The global rise of electric mobility is increasingly bringing the recycling of drive batteries into the focus of industrial, environmental and raw materials policy debates. As the number of end-of-life batteries grows, not only is the need for functioning recycling structures increasing, but so is the strategic importance of secondary raw materials such as lithium, nickel, cobalt and manganese. Particularly in East Asia – a key region for battery production and electric mobility – a wide variety of policy approaches can be observed.

This article compares the governance and policy landscape regarding the recycling of end-of-life electric vehicle batteries in China, South Korea and Japan. It focuses on the stakeholders involved, the regulatory framework, the policy instruments employed and the overarching strategic objectives. Figure 1 provides a comparative overview of the different policy approaches in the three countries.

China: Systemic governance across the entire value chain

China occupies a unique position in global battery recycling. As the world’s largest market for electric vehicles (EVs) and a leading battery producer, the country was confronted with significant volumes of end-of-life batteries at an early stage. The regulatory framework is correspondingly comprehensive.

A central component is Extended Producer Responsibility (EPR), which obliges Chinese battery and vehicle manufacturers to take back, track and recycle end-of-life batteries. This is supplemented by a national traceability system, technical standards and a state-controlled whitelist system for approved recycling companies. China is thus pursuing a strong top-down approach that regulates the entire life cycle of batteries.

Also striking is the close interlinking of industrial, environmental and raw materials policy. In China, recycling is not primarily viewed as waste management, but as a strategic tool for securing material supplies, promoting industrial value creation , and supporting national climate targets. Financial incentives, tax relief and targeted demonstration projects complement the regulatory requirements.

At the same time, challenges remain: a significant proportion of used batteries still ends up in informal recycling networks, and regional differences in the implementation of the regulations make uniform enforcement difficult. Nevertheless, China demonstrates how an integrated policy mix can enable the rapid development of large-scale recycling capacities.

South Korea: Recycling as a cornerstone of industrial competitiveness

South Korea is pursuing a markedly different approach. Although the domestic market for electric vehicles is still comparatively small, South Korea ranks among the world’s leading battery producers. Accordingly, battery recycling here is primarily driven by the need to secure raw materials and safeguard global market positions through industrial policy.

The political focus is on establishing clearly regulated, transparent life-cycle management for batteries. In recent years, South Korea has implemented extensive legislative changes to gradually reclassify end-of-life batteries not as waste, but as a circular resource. Key elements include mandatory performance assessments of batteries, state certification systems for recycled materials, and digital tracking and data platforms.

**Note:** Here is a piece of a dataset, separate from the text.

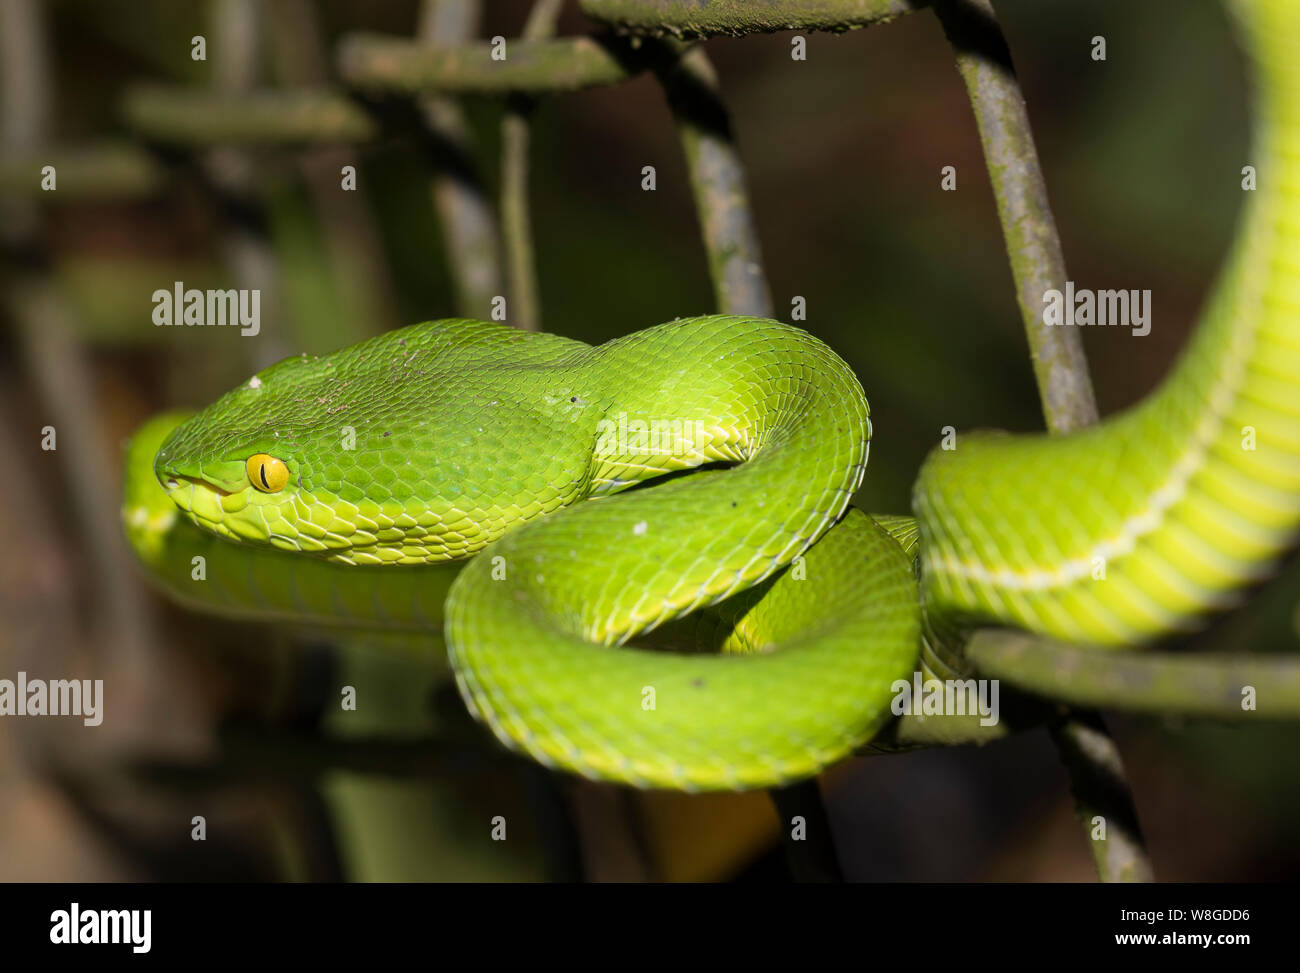 Cerrar Foto de un White-Lipped pit viper (Trimeresurus albolabris) enrollados en Tailandia Foto de stock

Unlike China, South Korea places greater emphasis on clearly defined responsibilities, regulatory standards and measurable targets. The government sets ambitious quantitative targets – such as the recycling volume of critical raw materials or the full recyclability of secondary batteries by 2030 – and supports these with targeted funding and demonstration programmes. Demonstration programmes are state-supported, practical pilot projects designed to test and further develop technical and organisational innovations in battery recycling and, above all, to present them to the public and raise their profile. What is striking here is that the state plays a strong role as as coordinator and regulator, whilst market-oriented instruments play a subordinate role.

Japan: Strategic ambitions, limited regulation

Japan occupies a special position in comparison. Despite a high-performing battery and automotive industry, the uptake of electric vehicles in Japan has so far been low. Consequently, the policy measures for recycling EV batteries are also less concrete.

Although battery recycling is mentioned in various strategy documents and support programmes – particularly in the context of decarbonisation and raw material security – there are hardly any binding requirements or specific collection and recycling obligations for end-of-life EV batteries in Japan. The focus is instead on research and development, technological innovation and international cooperation.

Industry initiatives and voluntary programmes play an important role, but a consistent regulatory framework is still lacking. At the same time, Japan is increasingly preparing for international requirements, such as those relating to carbon footprinting, transparency obligations and potential battery passport systems, which are particularly relevant for access to European markets.

The Japanese approach is thus strongly long-term in nature, but remains comparatively vague in terms of operational implementation.

Three countries, three policy logics

Figure 2 illustrates how different policy instruments are deployed across the battery life cycle in the three countries.

The comparison shows that the recycling of electric vehicle batteries is anchored in policy in very different ways:

• China relies on comprehensive state control, scaling and industrial integration.
• South Korea uses recycling specifically to safeguard technological and industrial competitiveness.
• Japan is pursuing a cautious, research- and future-oriented approach with limited regulation to date.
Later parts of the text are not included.